Senior Statutory Auditor:
Sharon Collins
Statutory Auditor:
Thomson Cooper
Date of audit report:
28 May 2026
9
Related party transactions
The company has taken advantage of the exemption conferred by Financial Reporting Standard 102 Section 1A not to disclose inter-group transactions and balances on the grounds that 100% of the voting rights of the company are controlled within the group and that consolidated accounts are prepared by the ultimate holding company Dow Investments PLC and are publicly available at the address detailed below.
10
Parent company
The immediate parent company is Holistic Elderly Care Limited, a company incorporated in Scotland which held 100% of the ordinary share capital of the company in the current and previous financial period.

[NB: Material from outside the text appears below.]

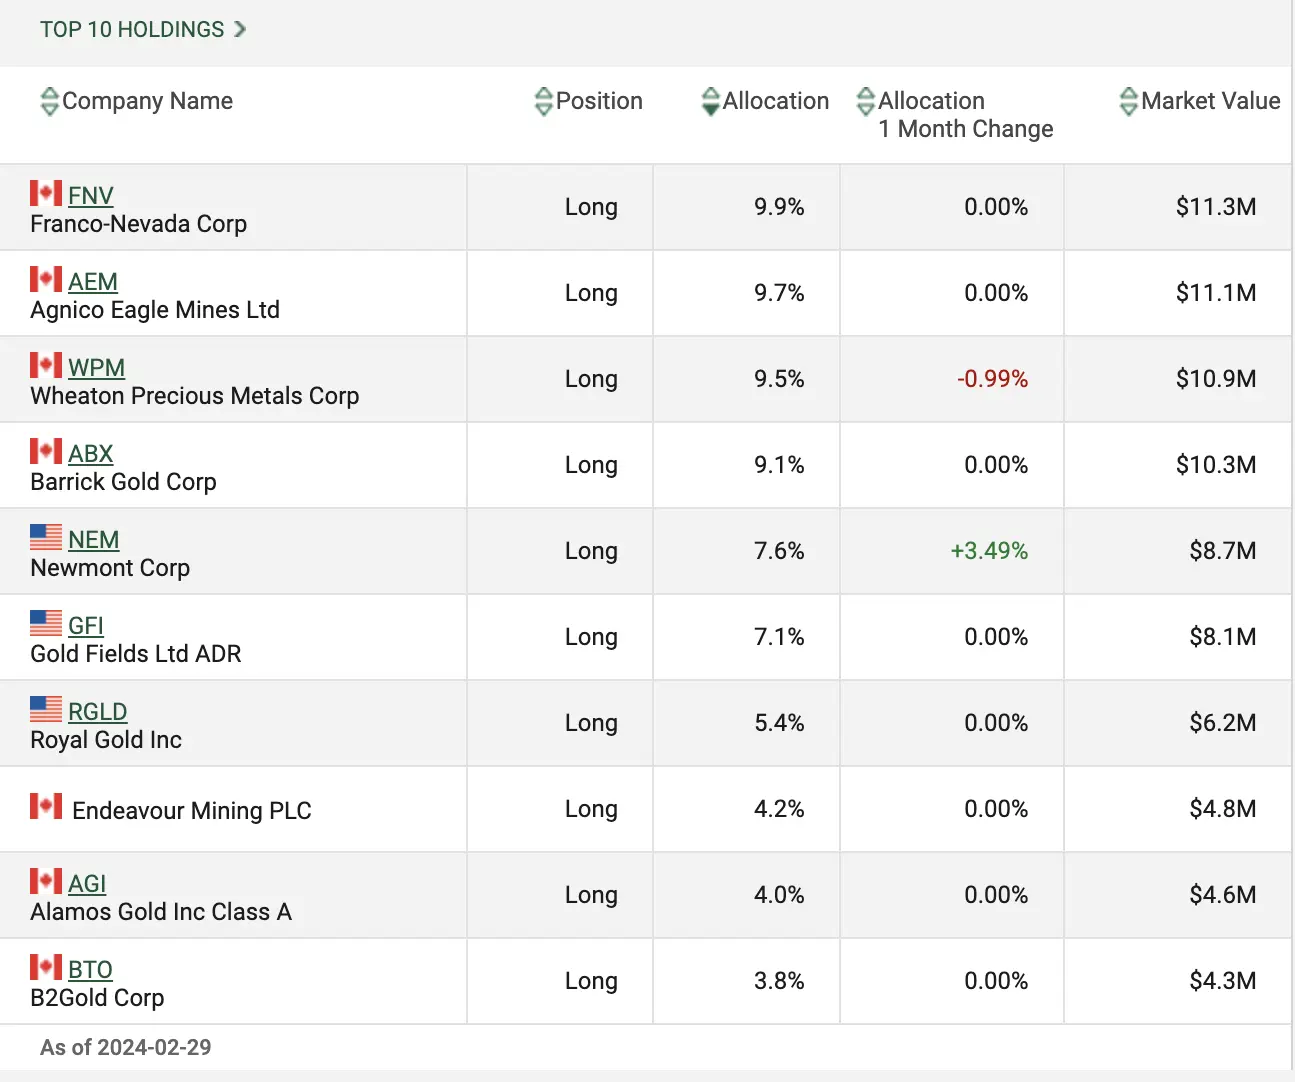 TD Precious Metals Fund's top holdings as of March 2024.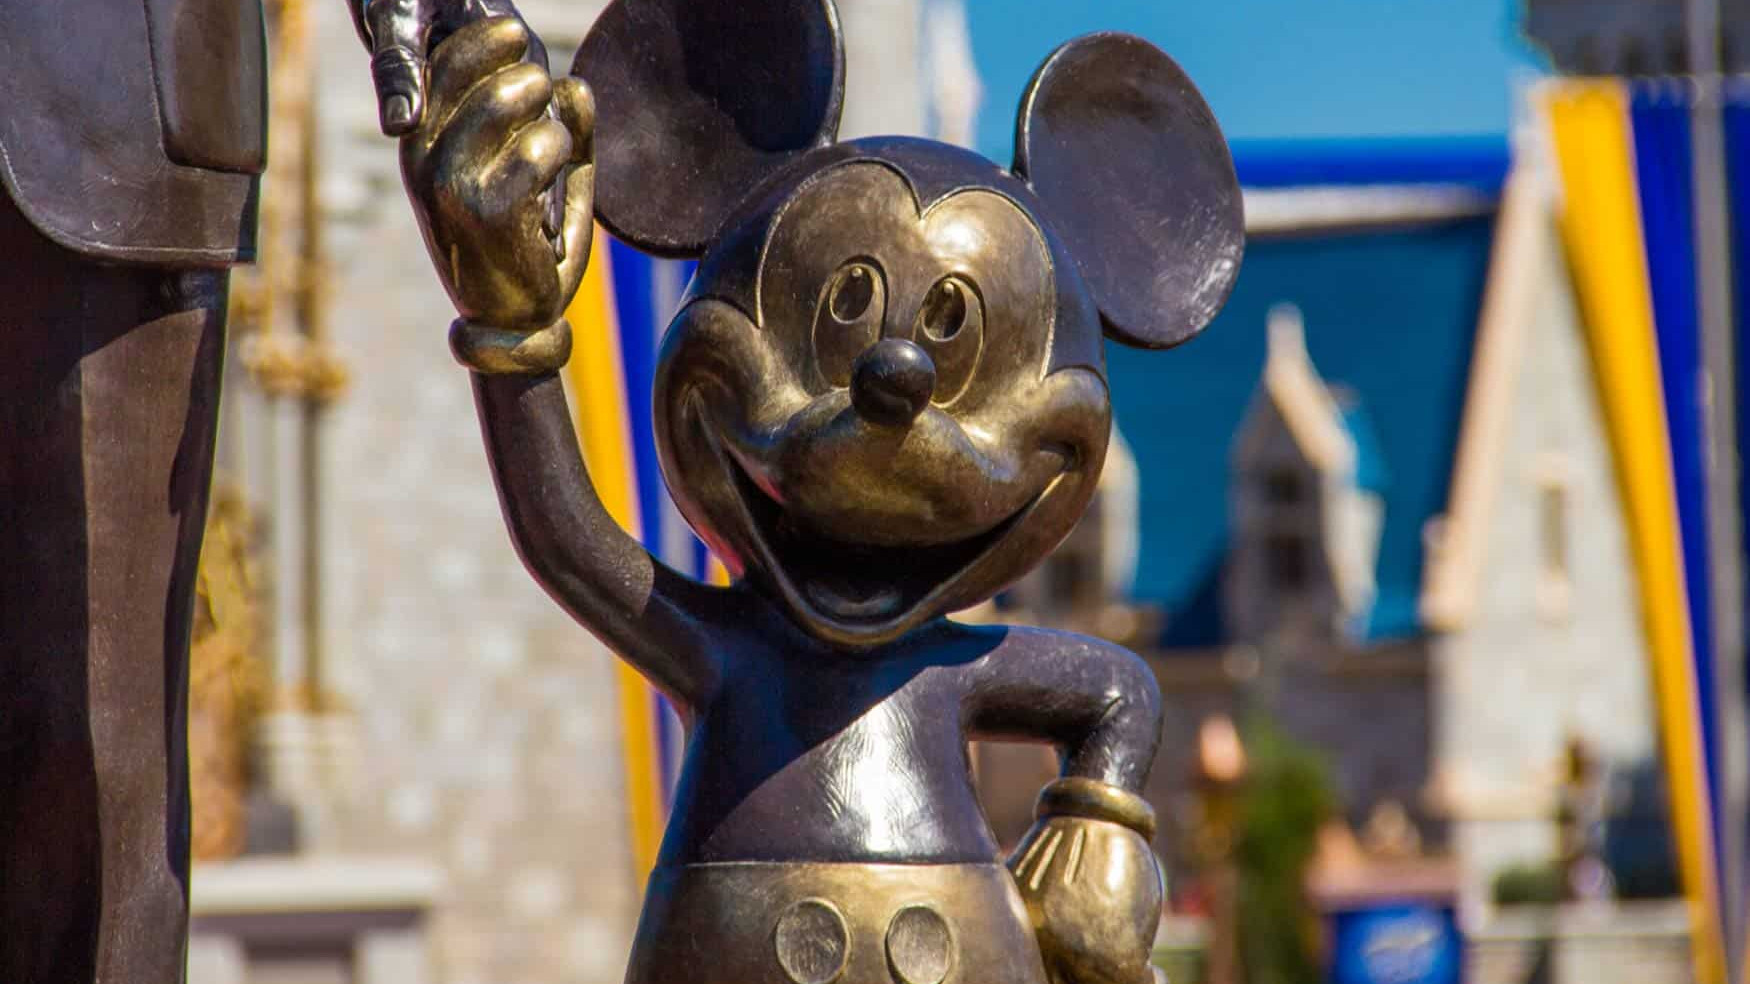 Mickey Mouse Statue - Disney World Planning Guide - The Best Times to Visit Disney World

The directors consider the ultimate controlling party to be Dow Investments PLC, a company incorporated in Scotland, as a result of its controlling interest in Renaissance Care (Scotland) Limited. Dow Investments PLC is controlled by Mr R D Kilgour, director.
The accounts of Dow Investments PLC are available to the public via Companies House. The registered office of this company is Archibald Hope House, Station Road, Musselburgh, United Kingdom, EH21 7PQ. The company heads its largest group and smallest group in which the results of this company are included.